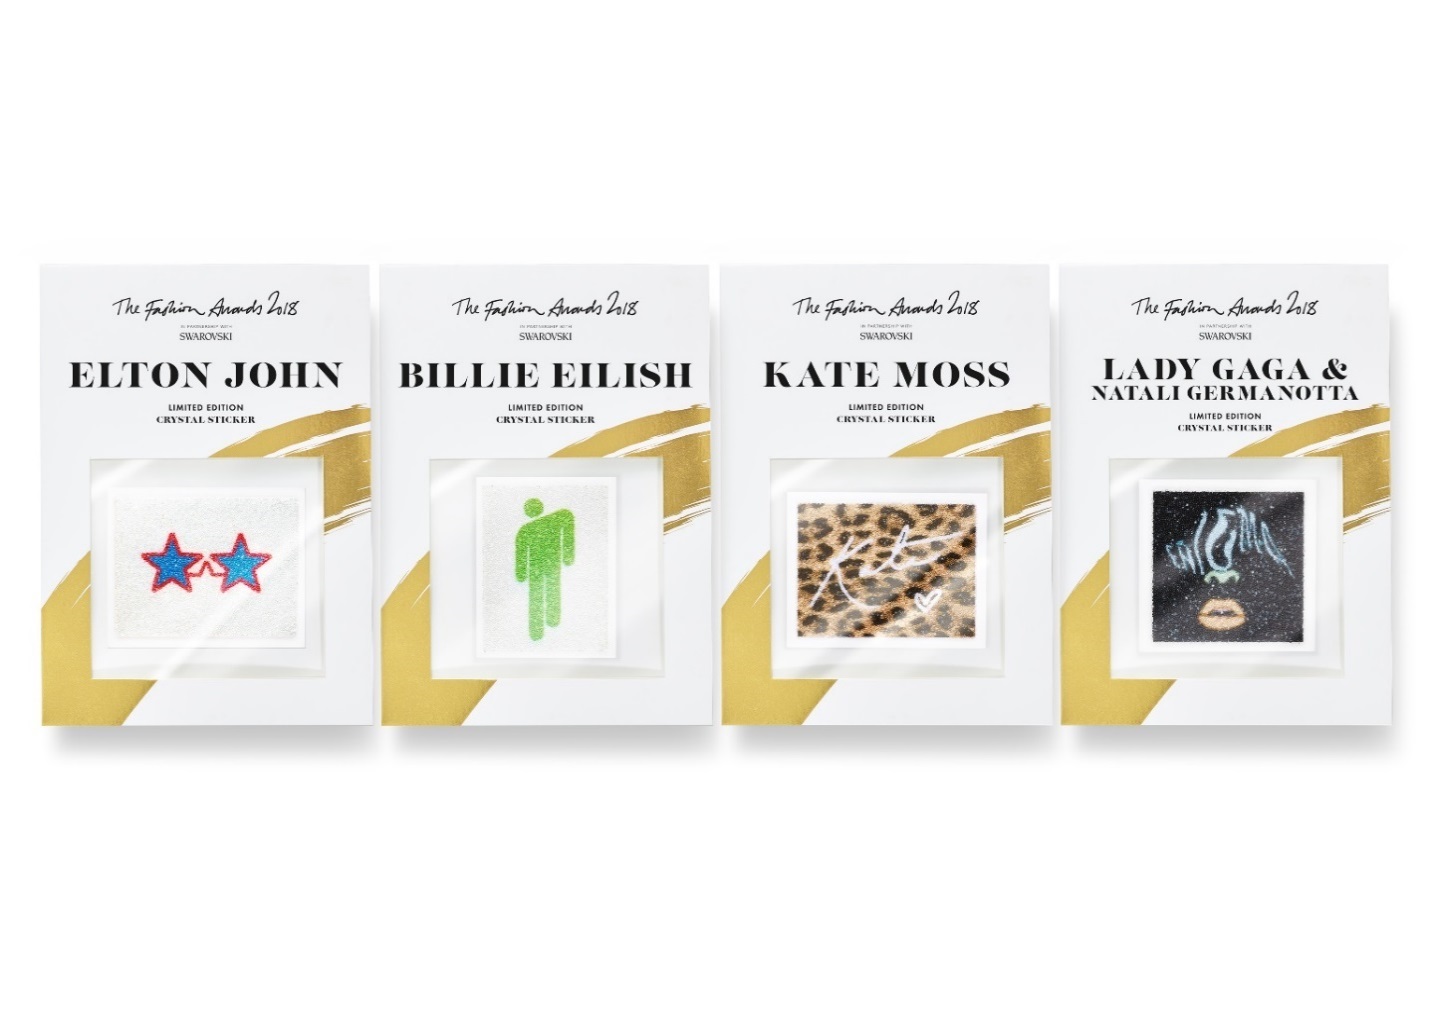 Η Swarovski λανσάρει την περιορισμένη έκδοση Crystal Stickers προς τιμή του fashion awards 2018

+ + + +

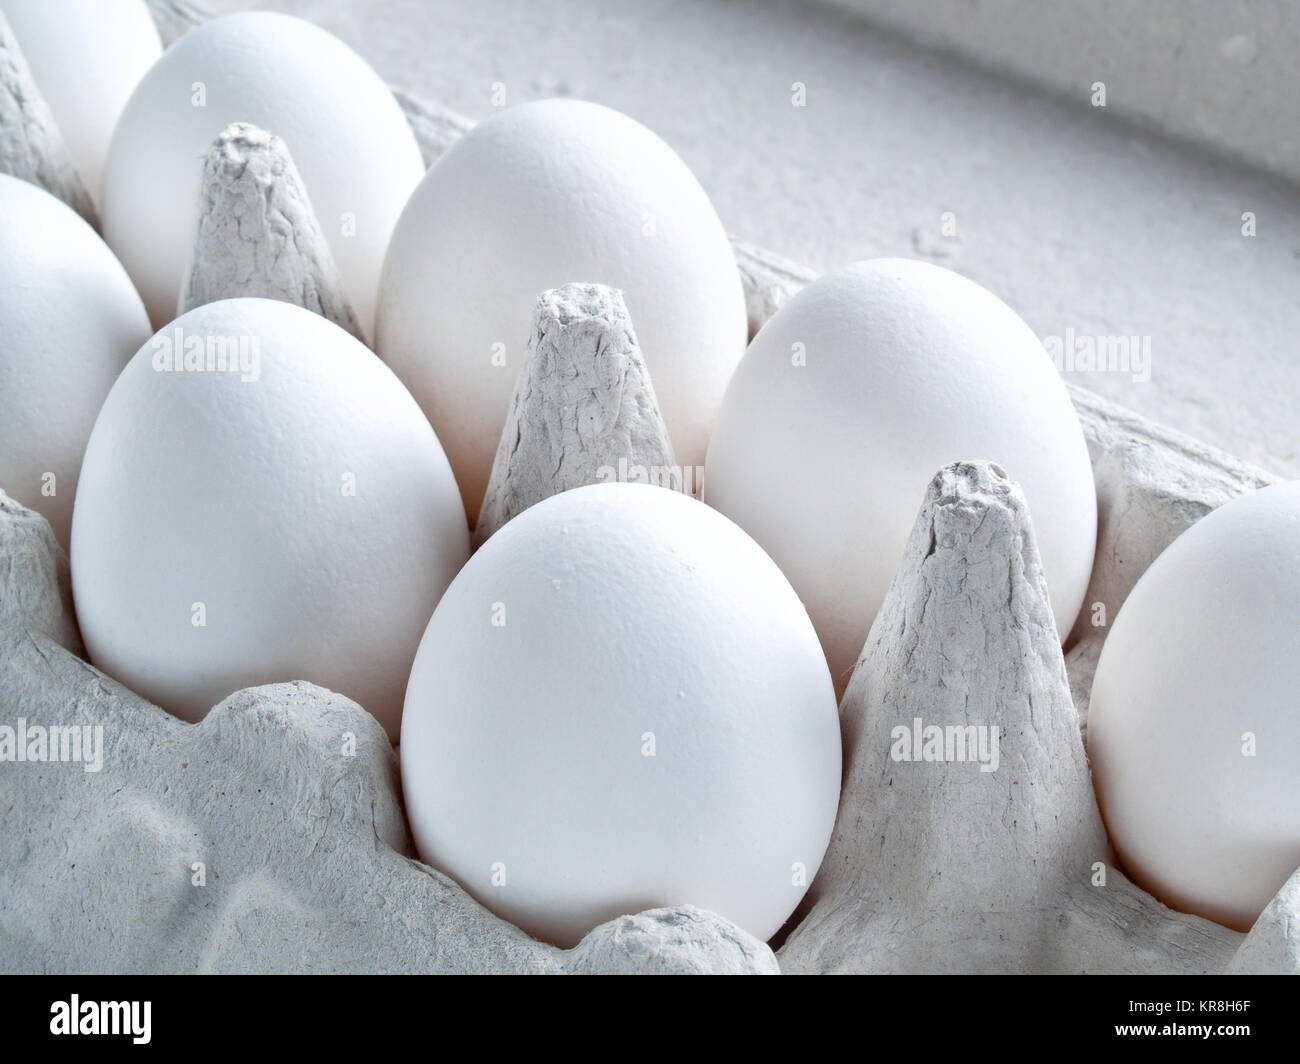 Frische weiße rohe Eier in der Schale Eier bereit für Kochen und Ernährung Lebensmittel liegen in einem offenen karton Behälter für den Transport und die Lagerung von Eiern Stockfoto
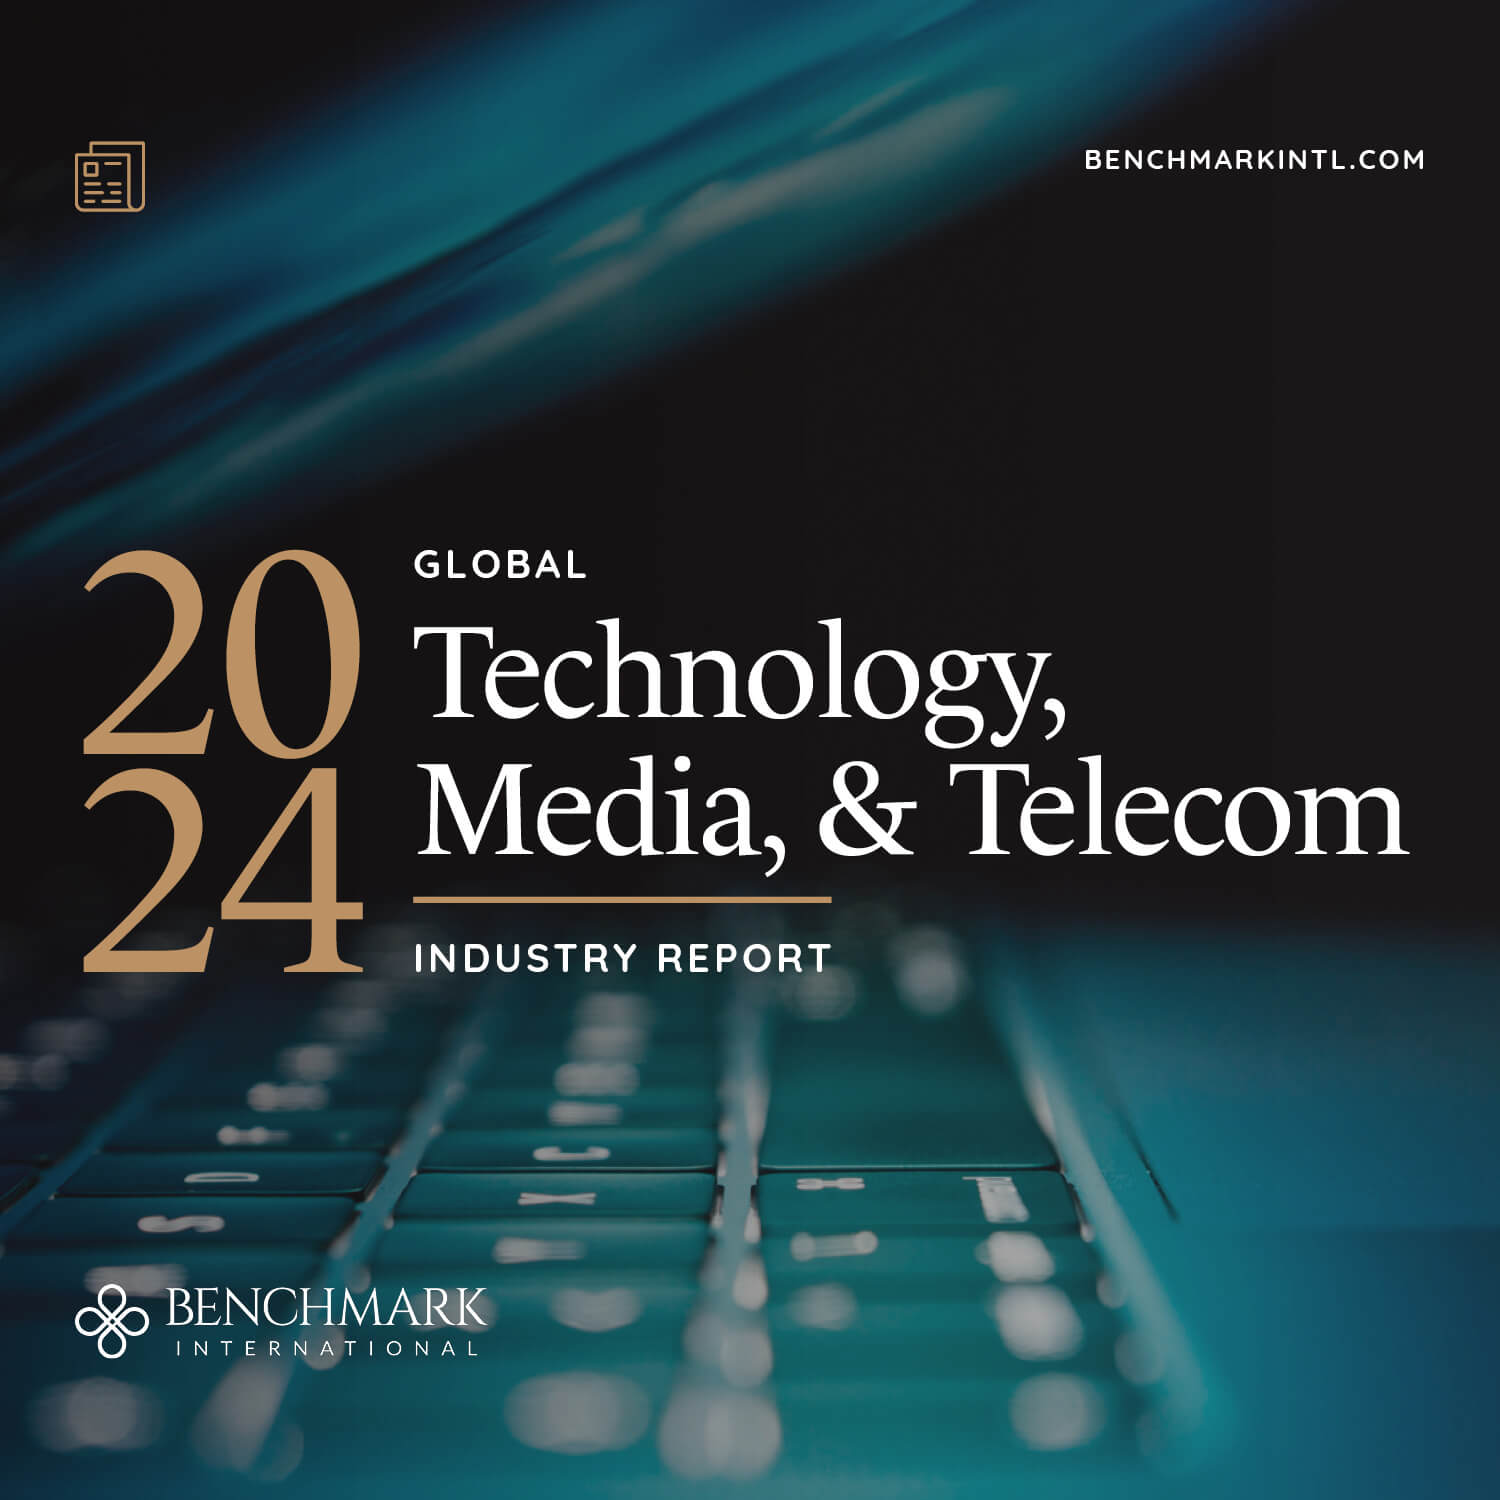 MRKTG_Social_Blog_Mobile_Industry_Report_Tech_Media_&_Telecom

+ + + +

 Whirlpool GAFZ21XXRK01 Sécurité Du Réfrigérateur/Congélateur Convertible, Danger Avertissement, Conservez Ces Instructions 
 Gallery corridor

+ + + +

Goal of the exercise >> Above are the records; print exactly the lines from the line with "Whirlpool GAFZ21XXRK01 Sécurité" to the line with "Gallery corridor", including both, and nothing else.

Answer to this task >>
 Whirlpool GAFZ21XXRK01 Sécurité Du Réfrigérateur/Congélateur Convertible, Danger Avertissement, Conservez Ces Instructions 
 Gallery corridor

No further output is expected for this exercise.